# SUmmer leauge game tommorrow on ESPN!!



## HoopsAve (Jun 23, 2002)

2PM EST this tuesday(tommorrow) on ESPN2, the Spurs/Magic game will be televised!

http://sports.espn.go.com/sports/tvlistings/index?date=20020716

Players you will wanna watch will be Altron Jackson(A 6'7 SG/SF with a plethora of offensive skills),Jason Hart(Made the team last year prolly not gonna this year with Speedy on board but he has NBA talent),Stephen Jackson and Charles Smith.

SOme cats to follow on the Magic team are rookies Ryan Humphery and Smush Parker.

Let's discuss the game here!


----------



## Spurs4Life (Jul 9, 2002)

I like Smith's game (Charles that is ). I think he can make to be a good replacement for Ferry and back up Bowen at the SF position. 

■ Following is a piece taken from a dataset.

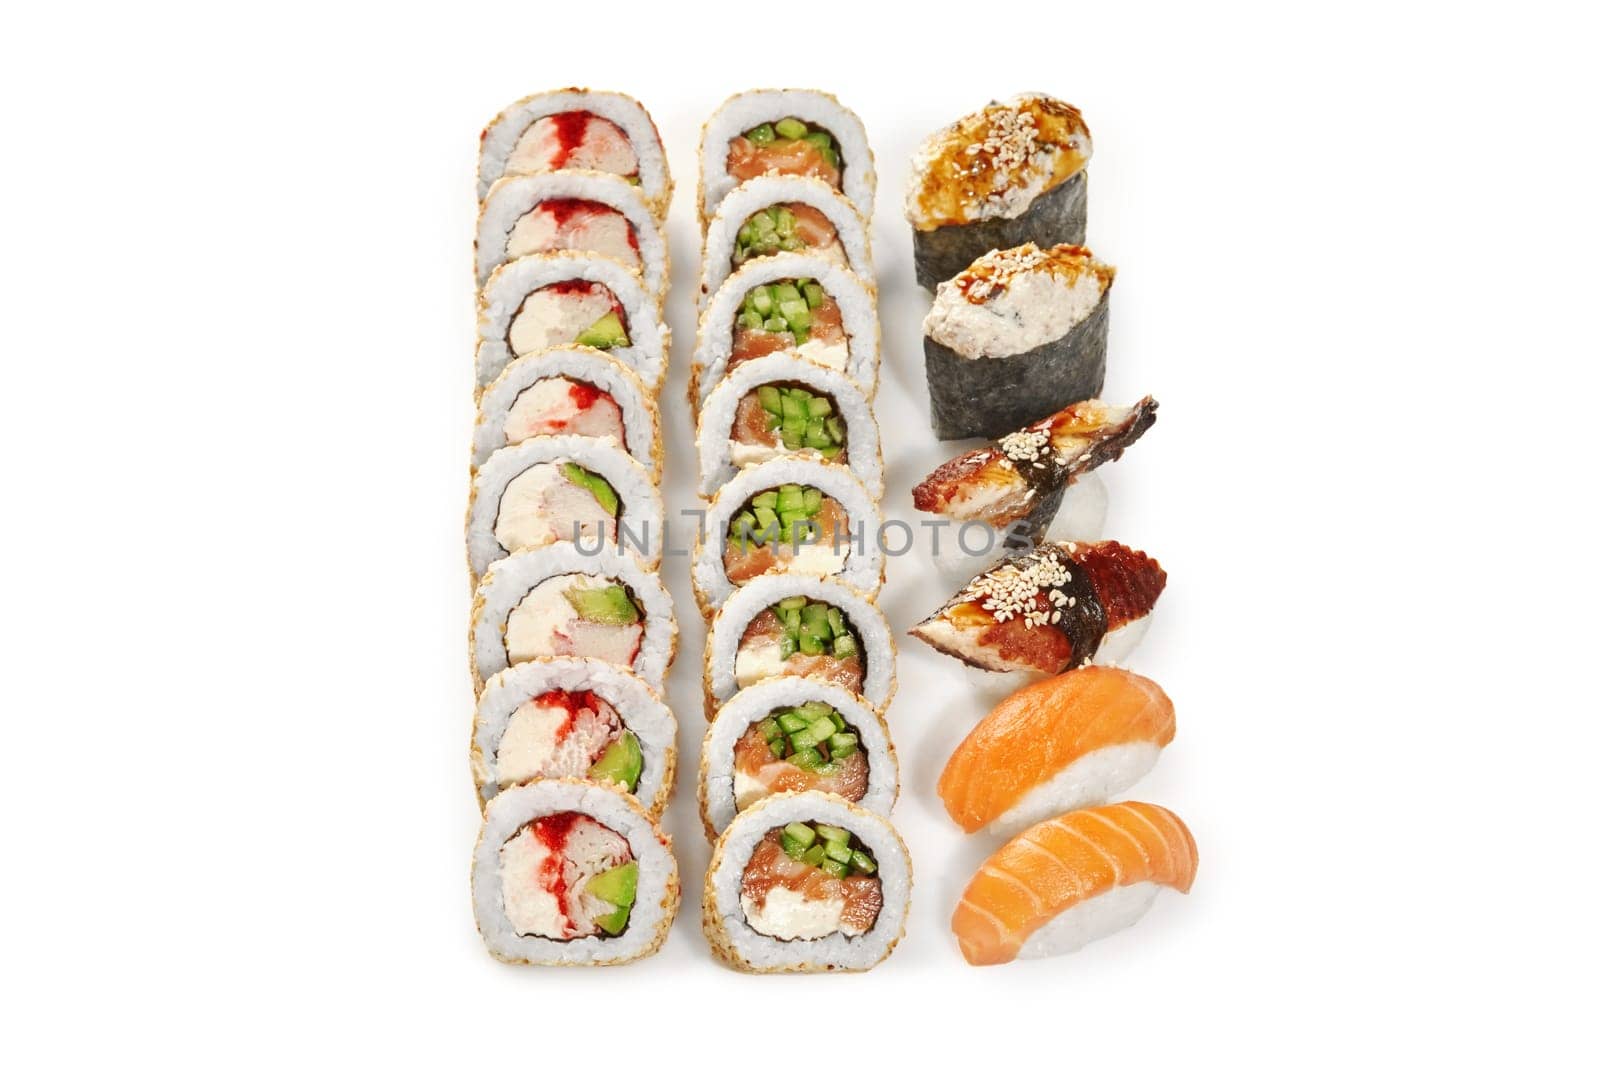 Delicious sushi set for two of classic sesame coated uramaki rolls, nigirizushi and gunkan maki with salmon and eel drizzled with unagi sauce, isolated on white Japanese cuisine

Do any of you guys remember that game last year in Washington?? Smith went crazy against them! :yes:


----------



## Spurs4Life (Jul 9, 2002)

I can't wait for the game!


----------



## Ghost (Jun 21, 2002)

I am going to watch the game for sure no matter what unless i have to work on the car.


----------



## Spurs4Life (Jul 9, 2002)

http://www.nba.com/celtics/news/sl02_day2.html#game1

Good game, but unfortunately we didn't have the power to finish it.


----------



## HoopsAve (Jun 23, 2002)

Kedrick Brown dominated. So did Forte.  The Boston squad was just too talented for our weak squad.

Jackson and Mcaskill looked decent though.:dead:


----------



## Spurs4Life (Jul 9, 2002)

I agree, HoopsAve. 

Hey, are you a Spurs fan?


----------